6. LIMITED LICENSE TO ENTER. In the event the Customer is transporting waste to a YORK1 facility, the Customer shall have a limited license to enter a YORK1 facility for the sole purpose of off-loading waste at an area designated, and in the manner directed, by YORK1. The Customer shall comply with all rules and regulations of any YORK1 facility. YORK1 may reject any waste, deny the Customer entry to any YORK1 facility, and/or terminate this Agreement at YORK1’s sole discretion, in the event of the Customer’s failure to follow such rules and regulations.

7. DISOVERY OR MANAGEMENT OF PRE-EXISTING MATERIALS. The Customer recognizes that there may be conditions, contamination, substances, wastes or materials, hazardous or otherwise, known or unknown, including those that may be present at the time of, or discovered during the course of, the Services ("Pre-existing Materials or Conditions") at sites to be entered as part of the Services.
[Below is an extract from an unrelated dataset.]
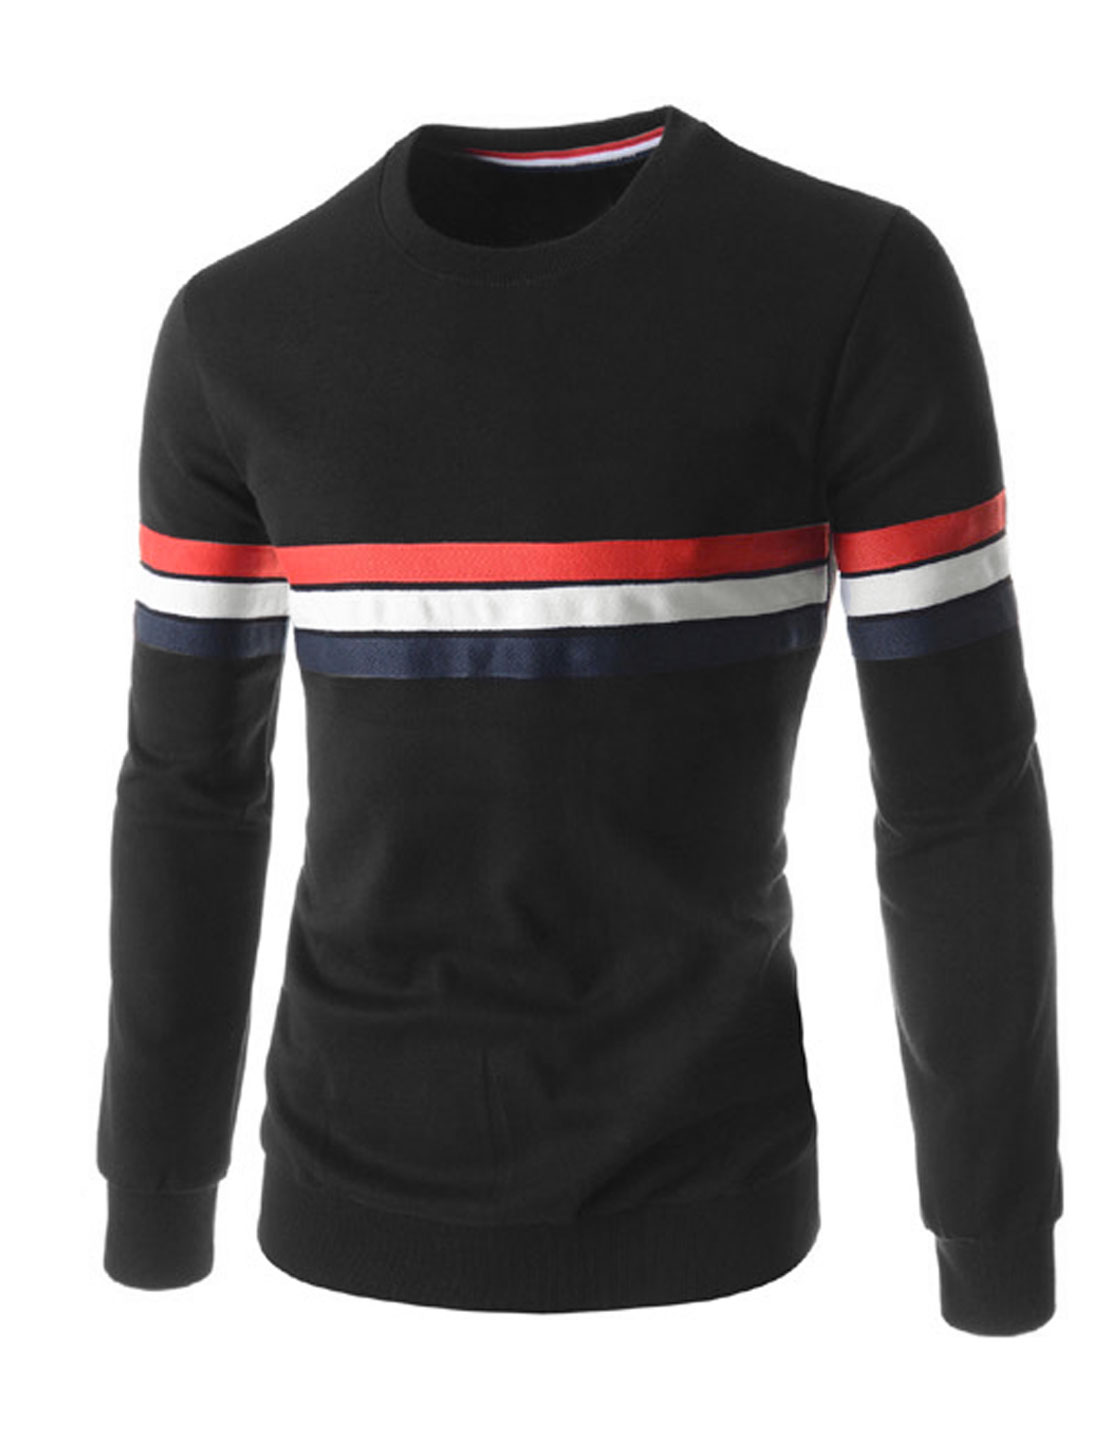 Men Stripes Design Stitching Round Neck Long Sleeves T-shirt Black M
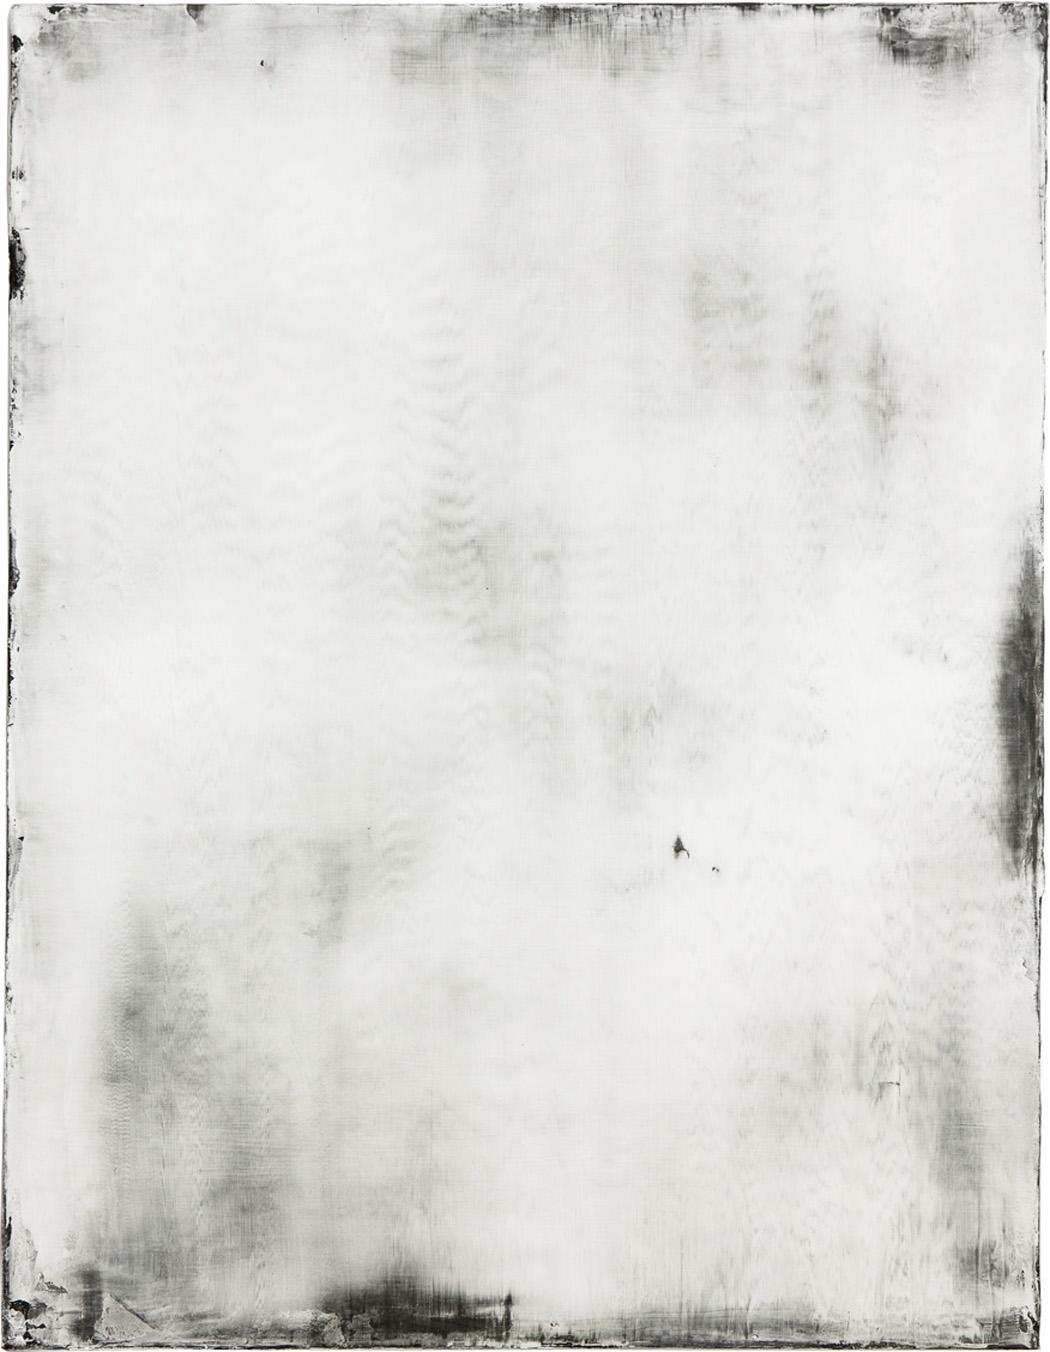 Hideaki Yamanobe_Aulanko - Daylight No. 2, 2011, Acryl-Mischtechnik auf Leinwand, 130 x 100 cm

All Pre-existing Materials or Conditions shall remain the property and responsibility of the Customer and the Customer acknowledges that YORK1 has neither created nor contributed to the existence of, nor has any charge, management or control over, any Pre-existing Materials or Conditions. The Customer agrees that the presence or discovery of any such Pre-existing Materials or Conditions shall constitute a changed condition for which YORK1 shall be fairly compensated. The Customer also acknowledges that some investigative procedures may carry the risk of release or dispersal of Pre-existing Materials or Conditions, even when exercising due care, and the Customer hereby waives any claim with respect thereto except to the extent of damages caused by YORK1’s gross negligence or willful misconduct. The Customer shall be solely responsible for complying with all Laws in connection with transportation, treatment, disposal, and management of Pre-existing Materials or Conditions. The Customer agrees to waive any claim against YORK1, and agrees to defend, indemnify, and hold YORK1 harmless from any claim or liability for injury or loss of any type arising from any Pre-existing Materials or Conditions.
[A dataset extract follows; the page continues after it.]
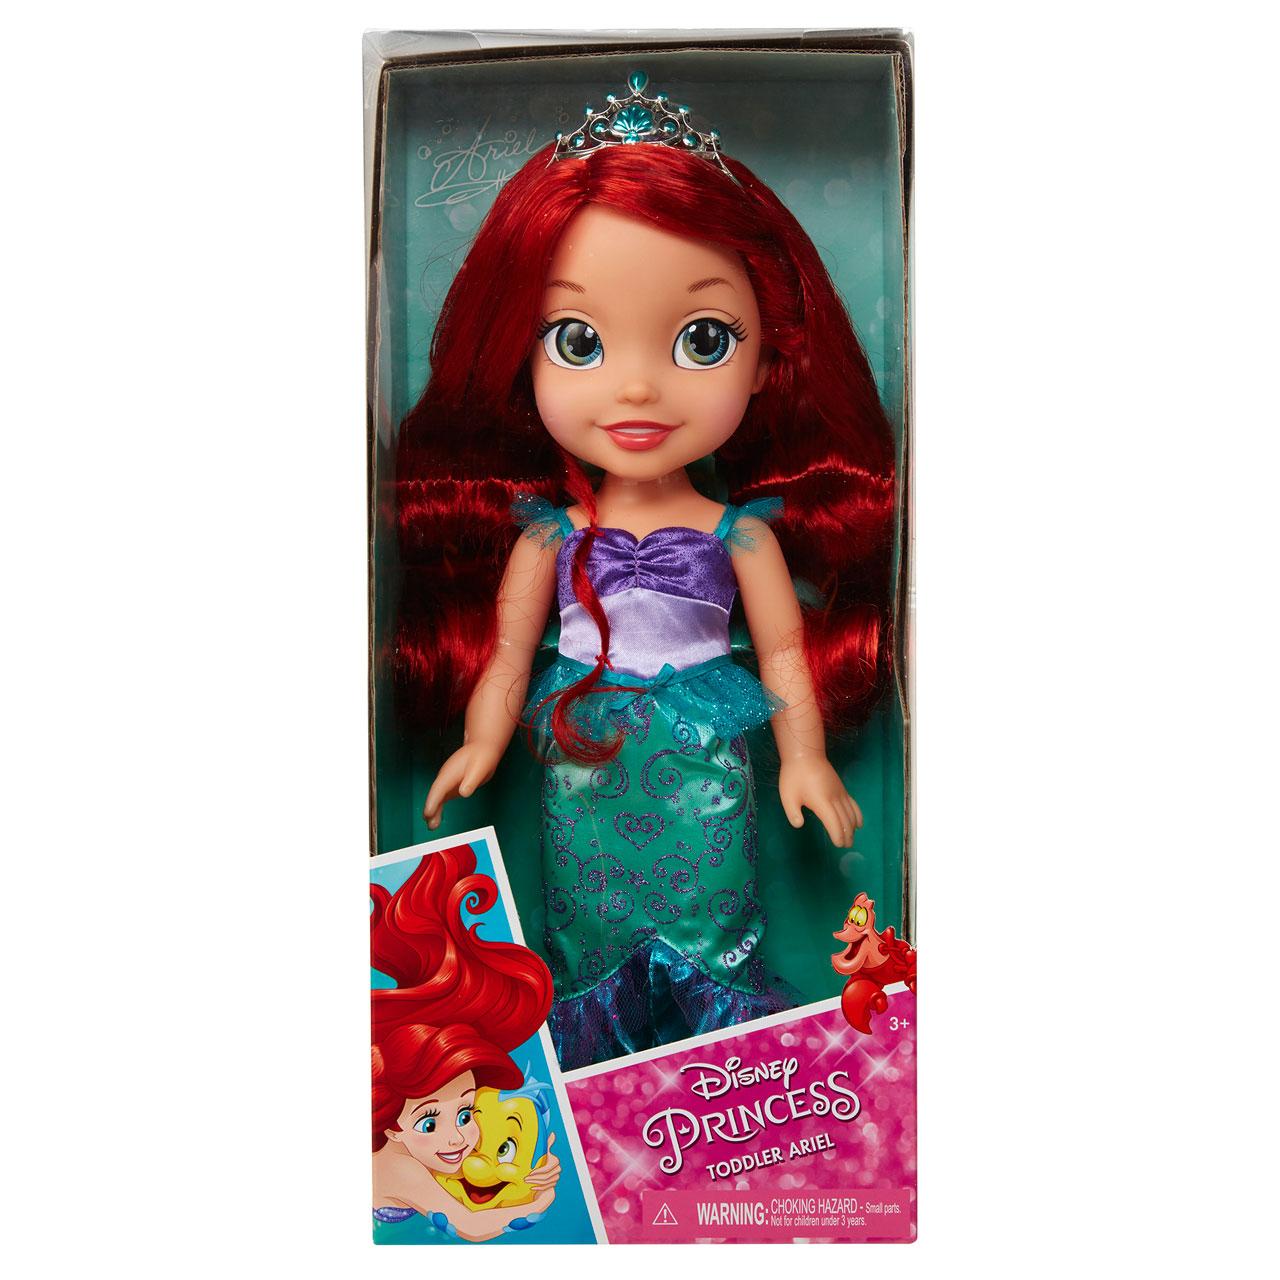 Disney Princess Doll With Lens Eyes Disney Princess

8. ASBESTOS HANDLING. The Customer agrees that it is solely responsible for all required packaging or containers, sealing, labelling and loading of any asbestos waste or asbestos containing material in connection with the Services, in accordance with applicable Law, including Regulation 347 and any Ontario Ministry of the Environment, Conservation and Parks guidelines.

9. REPORTING EXCESS SOIL WITH RPRA. With respect to Excess Soil, the Customer shall be solely responsible for submitting and updating any notice or information required to be submitted to the Excess Soil Registry maintained by the Resource Productivity and Recovery Authority under Regulation 406/19 and for satisfying all obligations on a project leader under Regulation 406/19, as applicable.
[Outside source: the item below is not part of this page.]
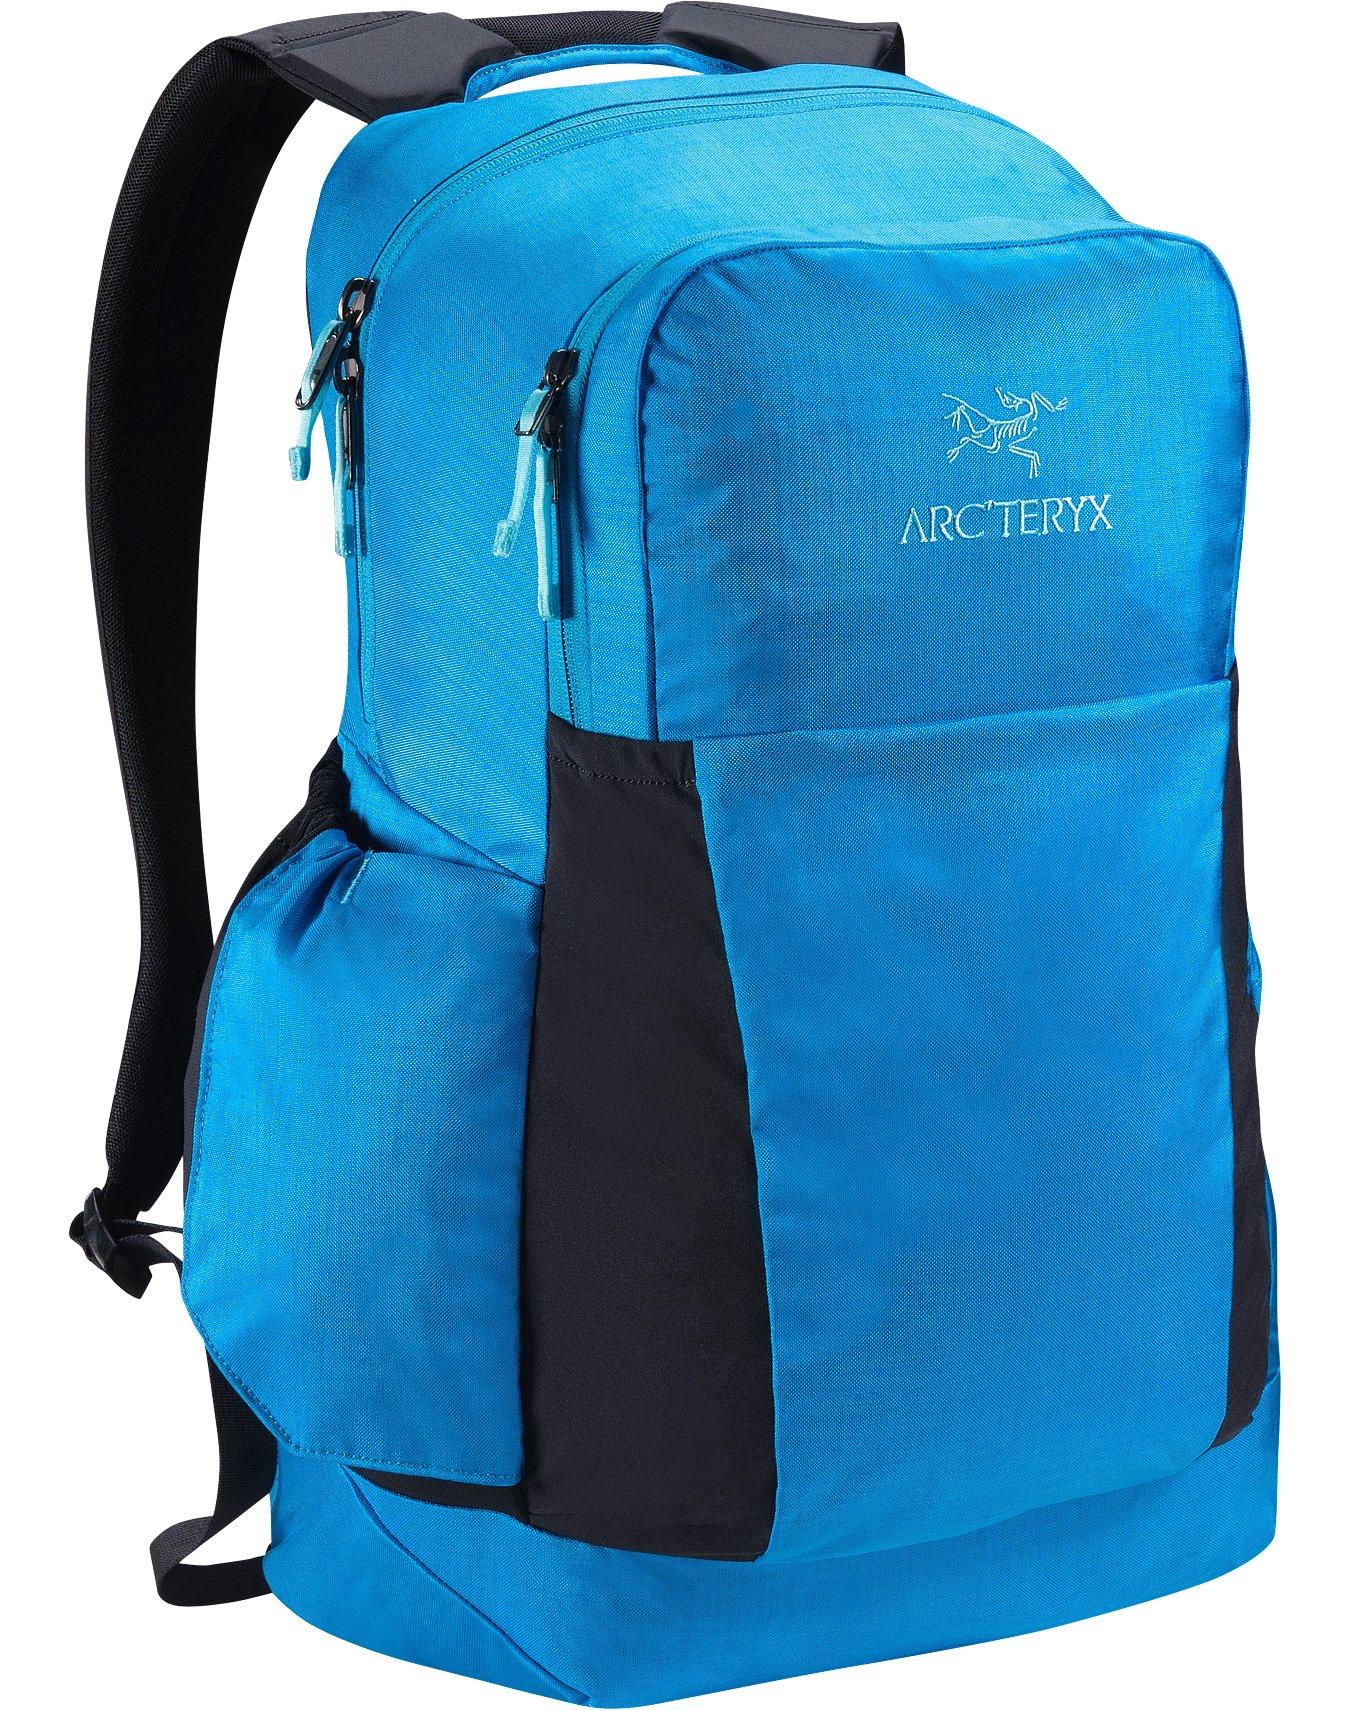 Arcteryx Kitsilano Backpack Adriatic Blue 20L by Arc'teryx

10. REGISTRATION AND MANIFESTS. The Customer shall be solely responsible for submitting a generator registration report and initiating the electronic manifest in the Hazardous Waste Program Registry (Resource Productivity and Recovery Registry) and submitting any fees in connection with any wastes as required under Reg. 347, including any Hazardous Waste or Liquid Industrial Waste, unless expressly agreed to otherwise in writing by York1 and subject to a separate written delegation agreement between the Customer and York1. The Customer shall at all times be identified as the generator of the waste in the Registry and on any manifest.